Exercise objective:
Retype the listing exactly as it stands, and keep every image out.

Provided data:

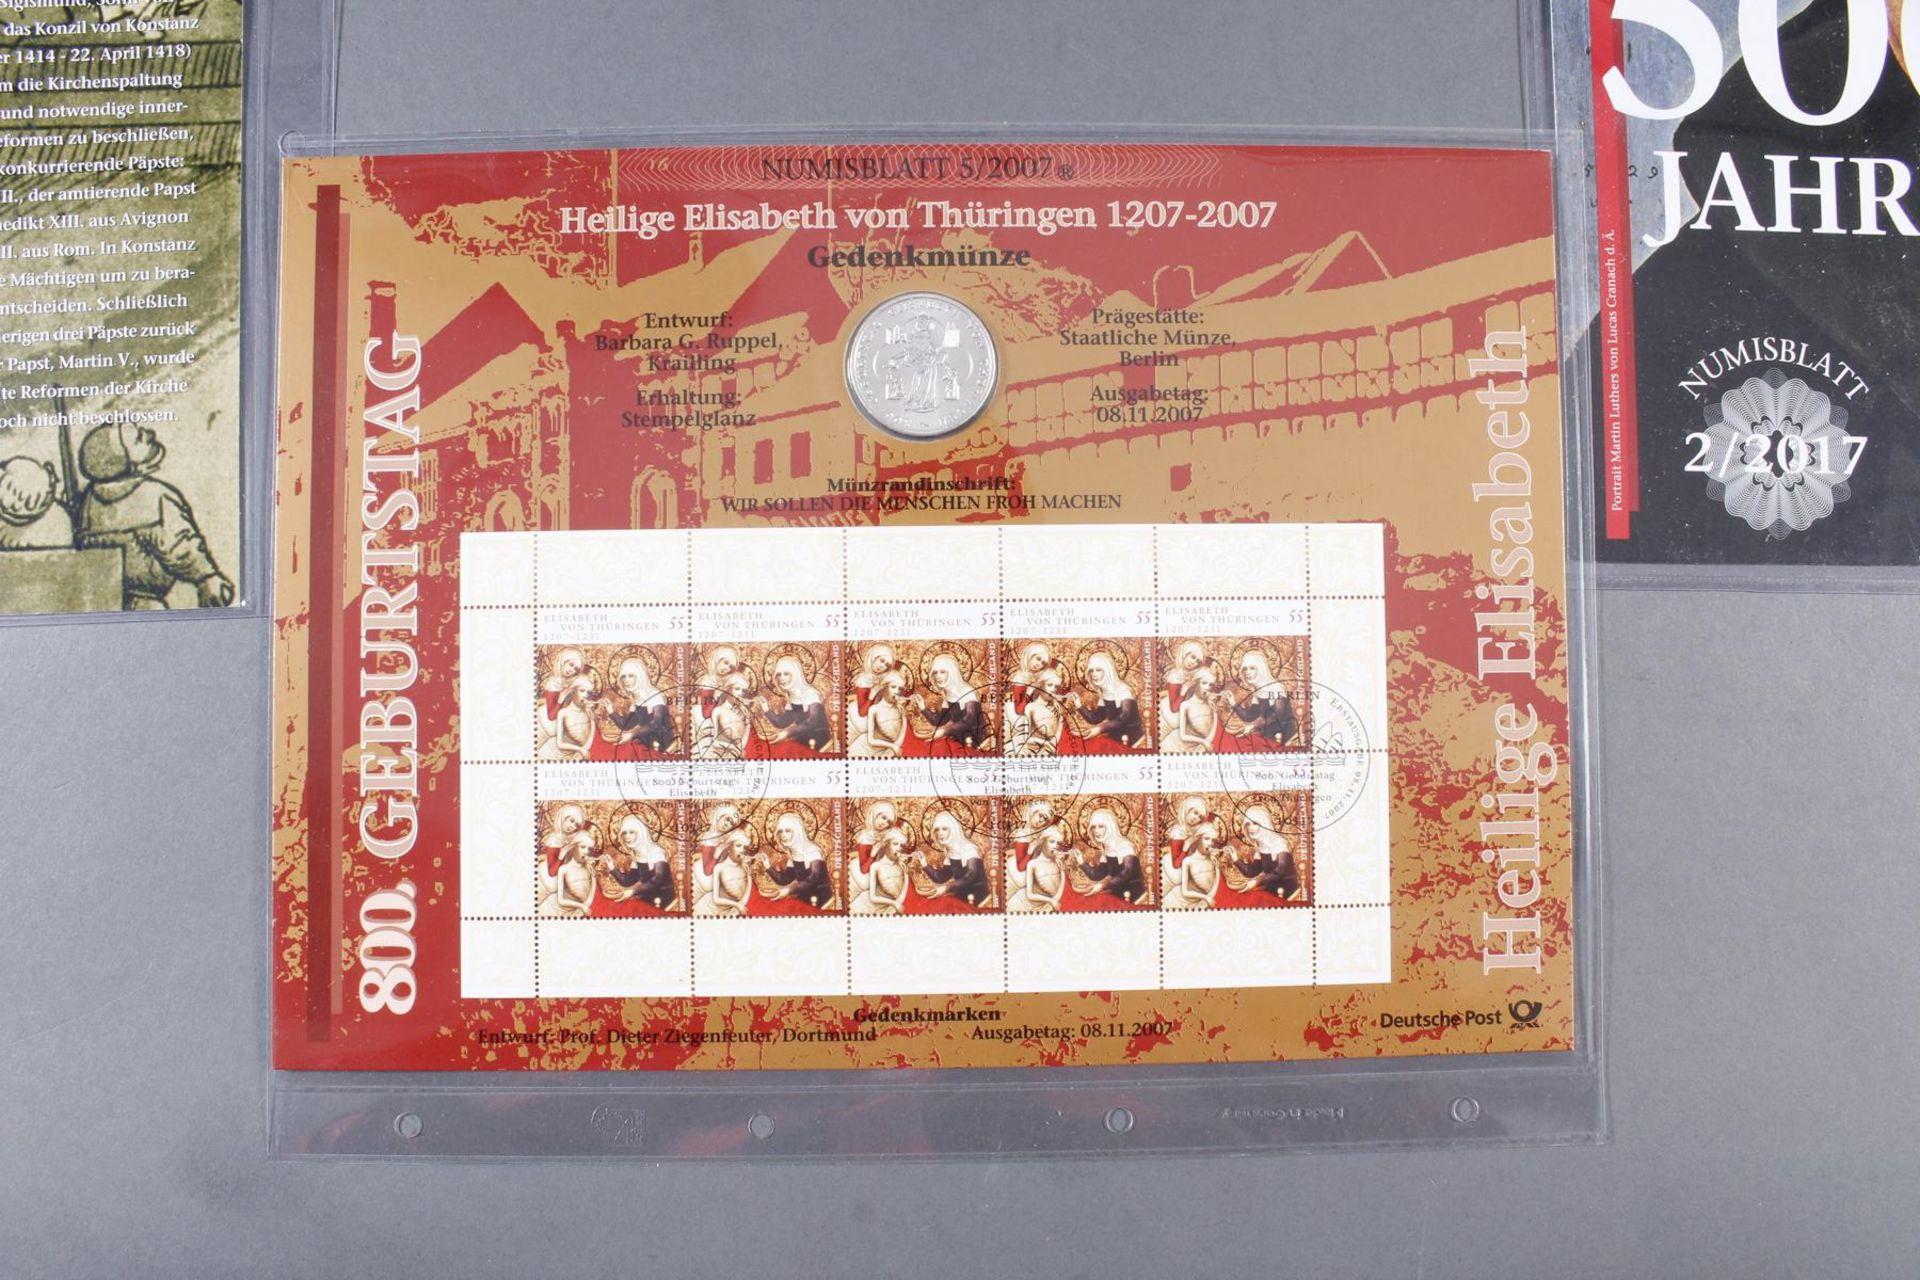 Münzsammlung Thema Vatikan / Kirche; inkl. Euro-Münzen - Bild 2 aus 4
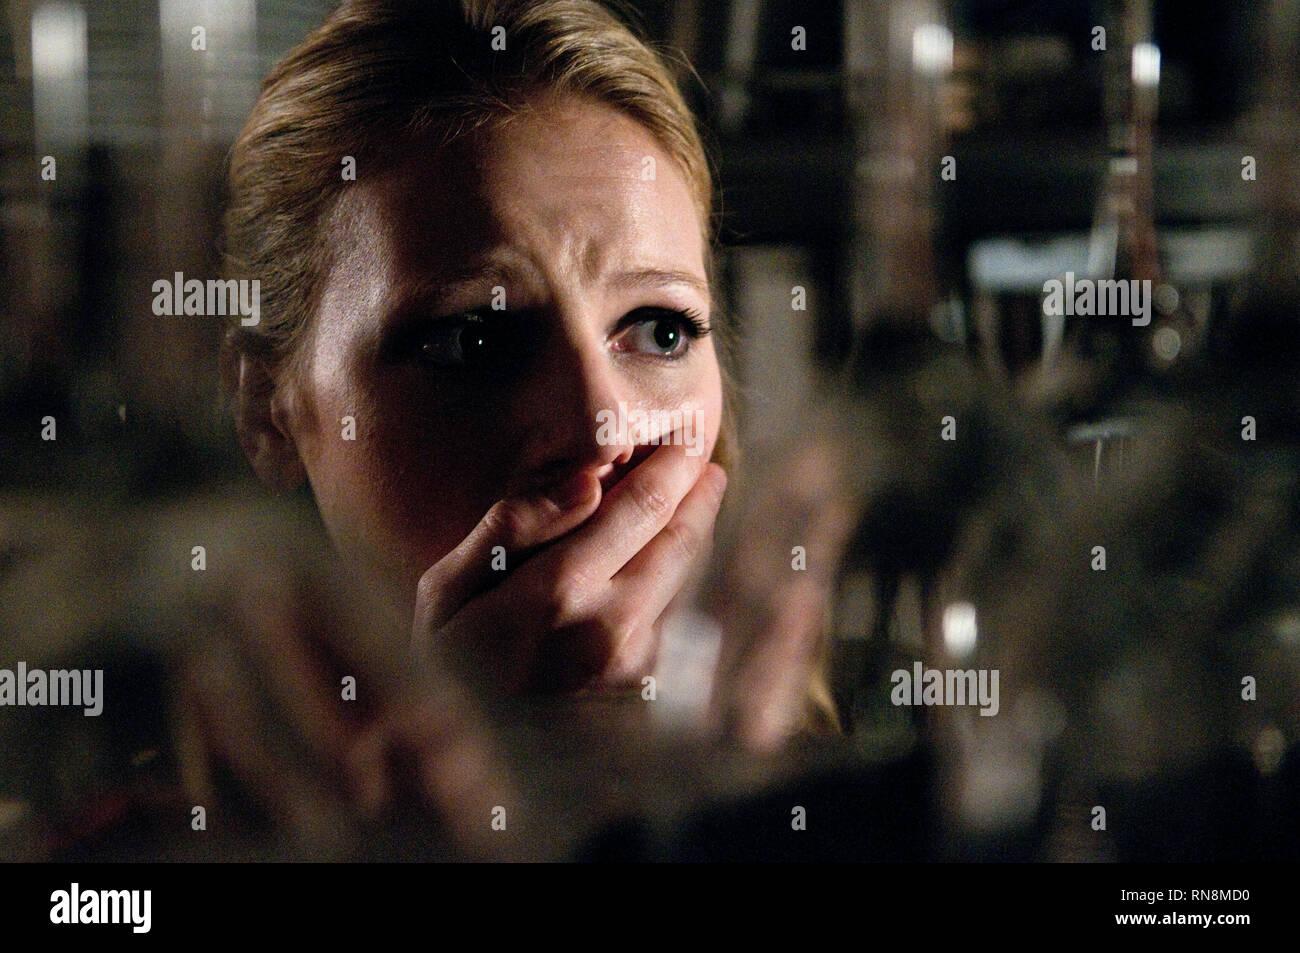 EMMA BELL, FINAL DESTINATION 5, 2011 - Stock Image
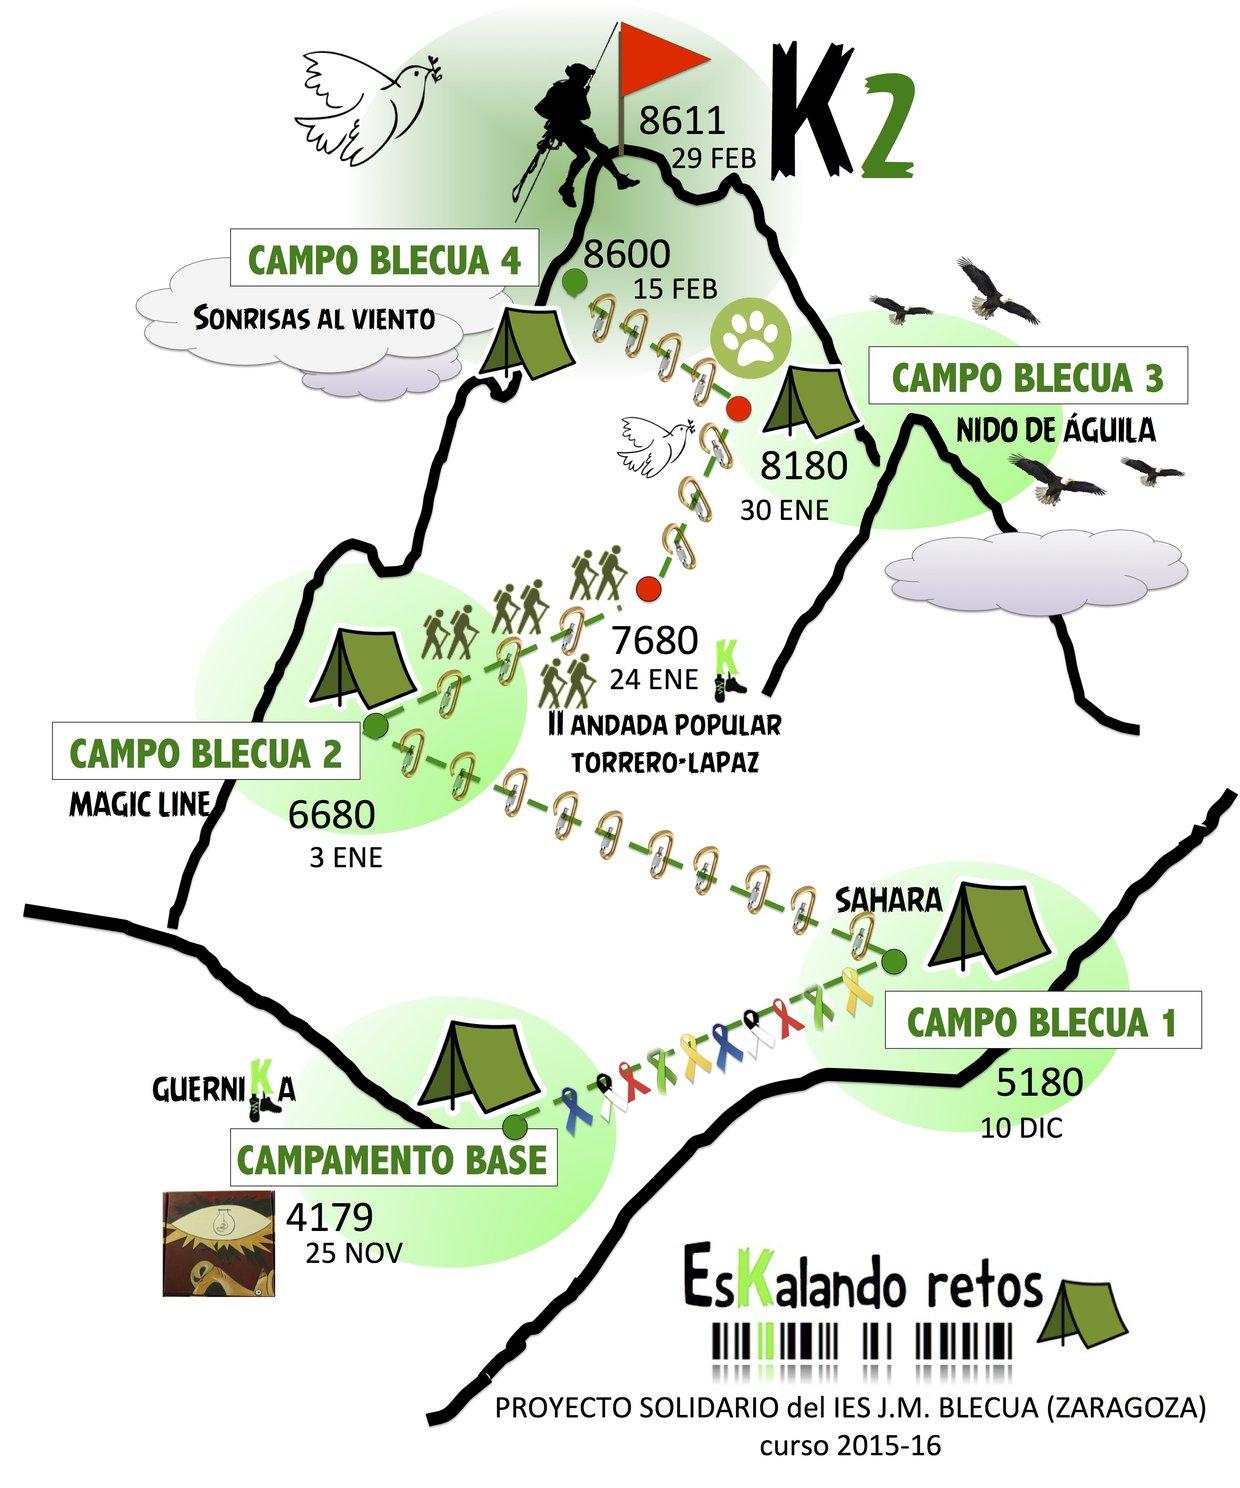 IMPLIK2_mapa actualizado enero 2016

Result for this task:
 Münzsammlung Thema Vatikan / Kirche; inkl. Euro-Münzen - Bild 2 aus 4
 EMMA BELL, FINAL DESTINATION 5, 2011 - Stock Image
 IMPLIK2_mapa actualizado enero 2016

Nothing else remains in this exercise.